▶ **PROBLEM TO WORK ON**: Restate word for word the lines below that run from the one holding "Boss Baby 2: Family Business" through the one holding "A chart showing", inclusive. Pictures don't belong in the copy.

▶ **ENTRIES SUPPLIED**:
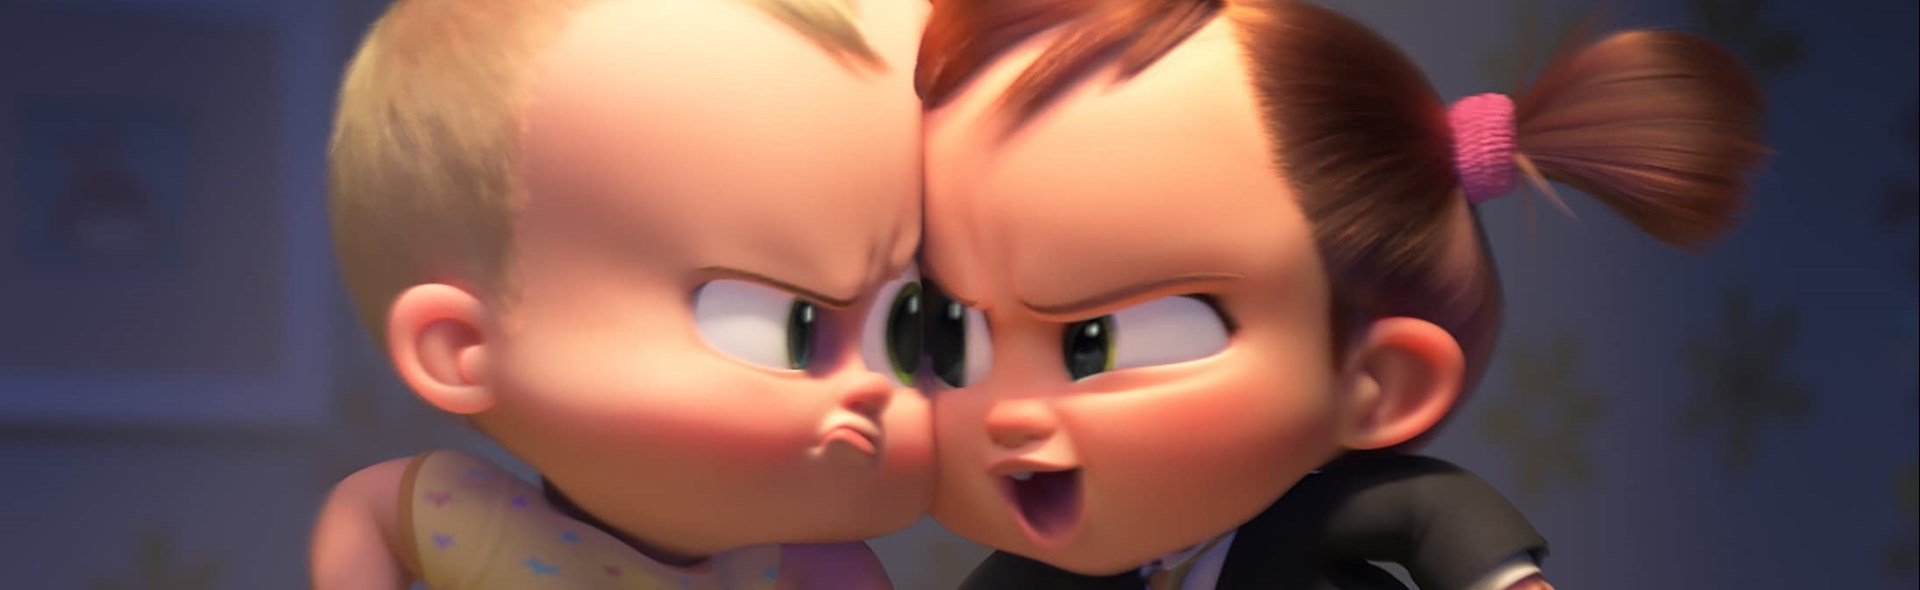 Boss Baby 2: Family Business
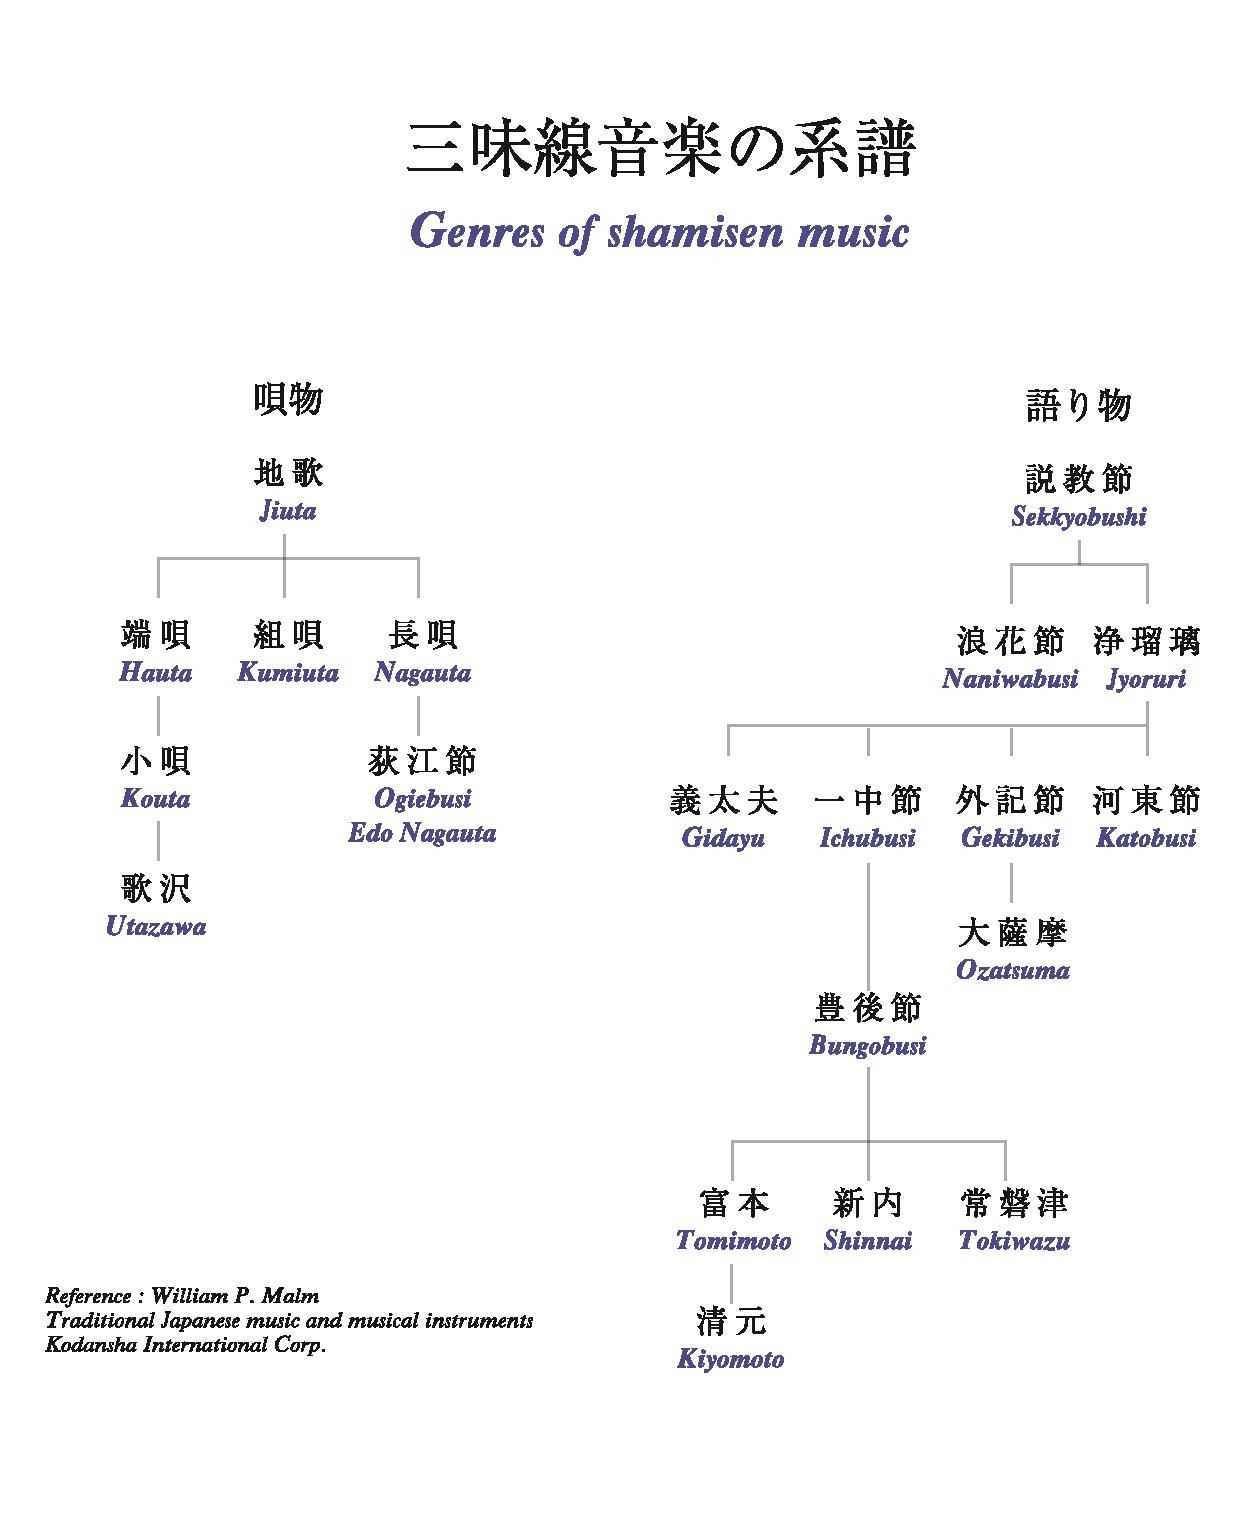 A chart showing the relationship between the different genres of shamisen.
* * *
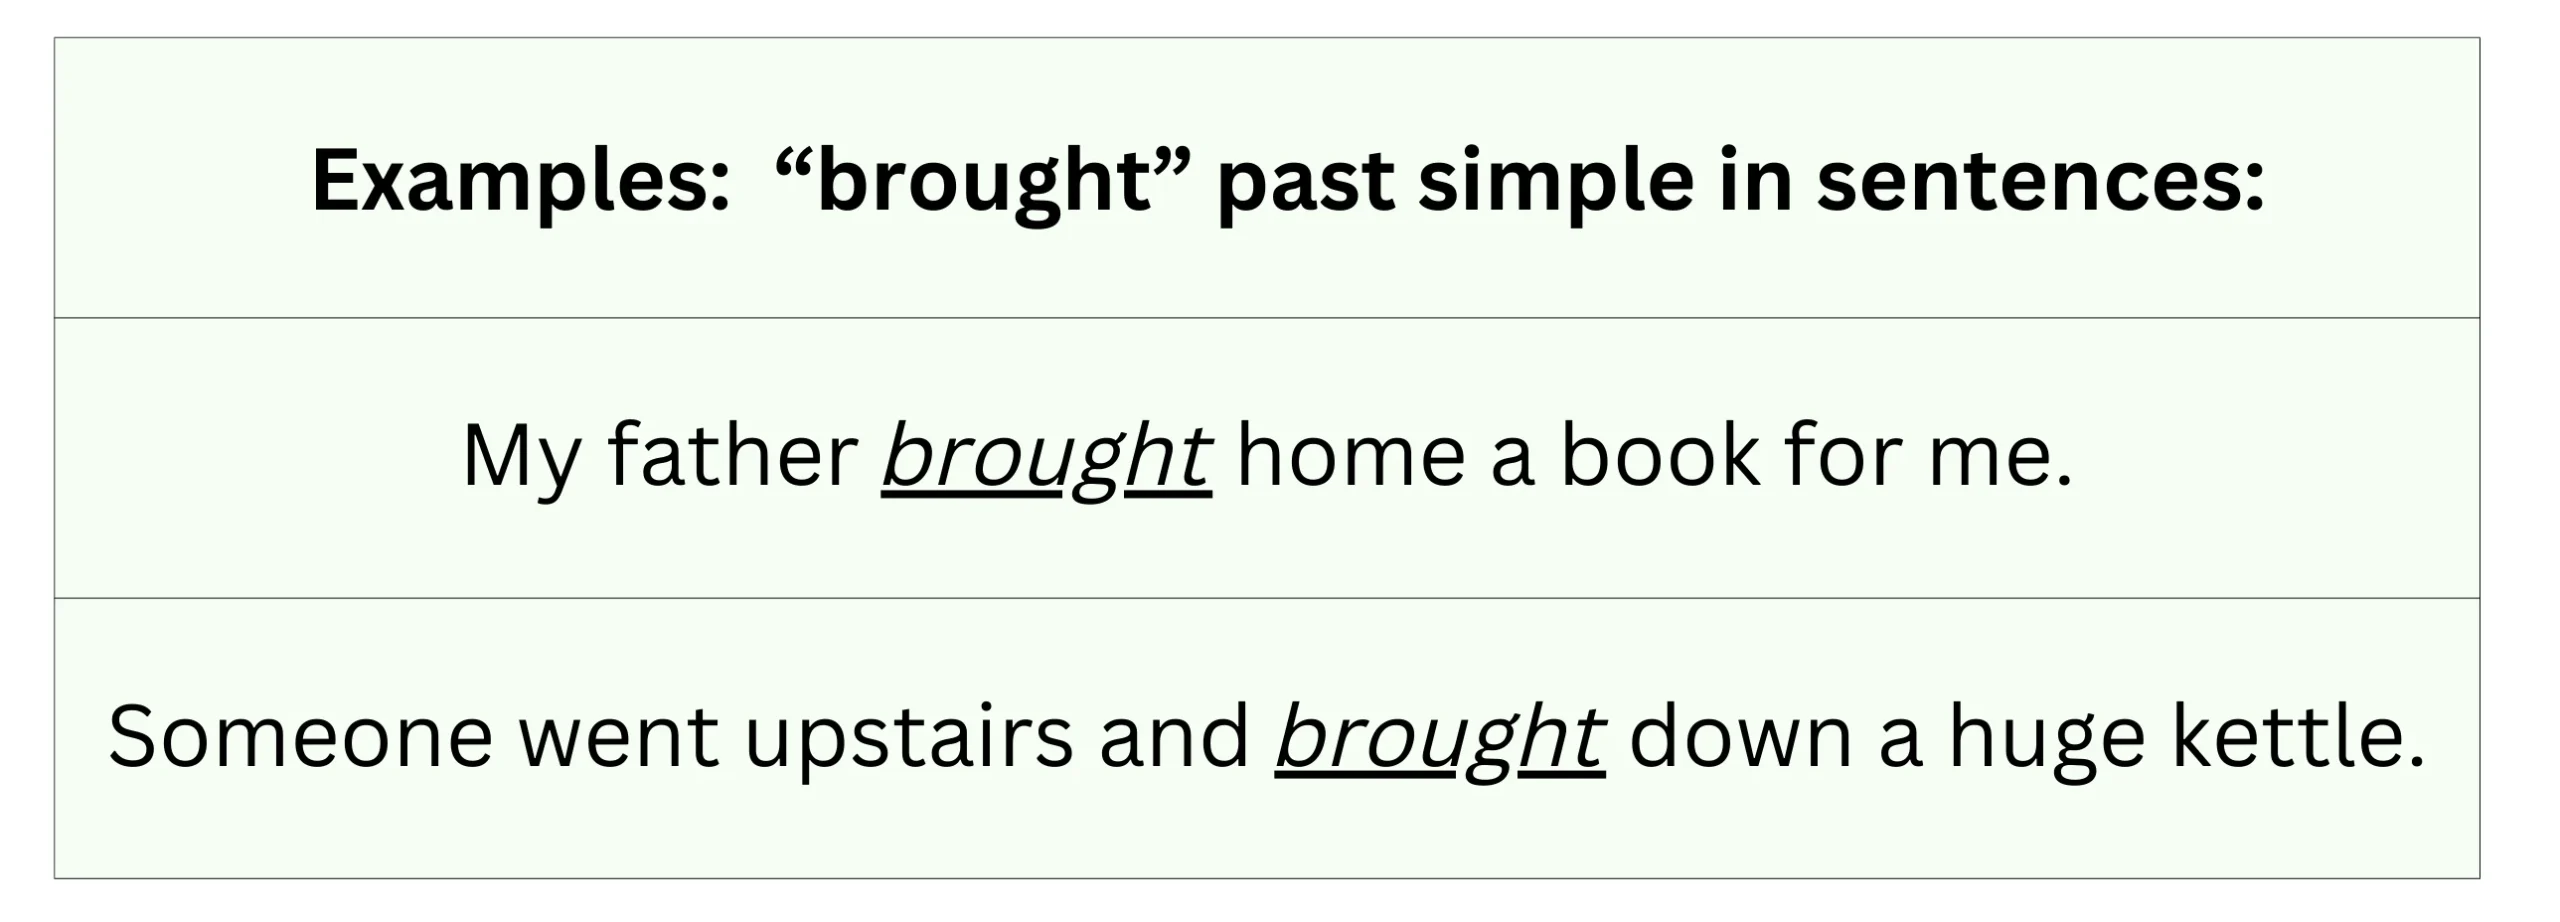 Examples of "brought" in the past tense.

▶ **EXERCISE RESPONSE**:
 Boss Baby 2: Family Business
 A chart showing the relationship between the different genres of shamisen.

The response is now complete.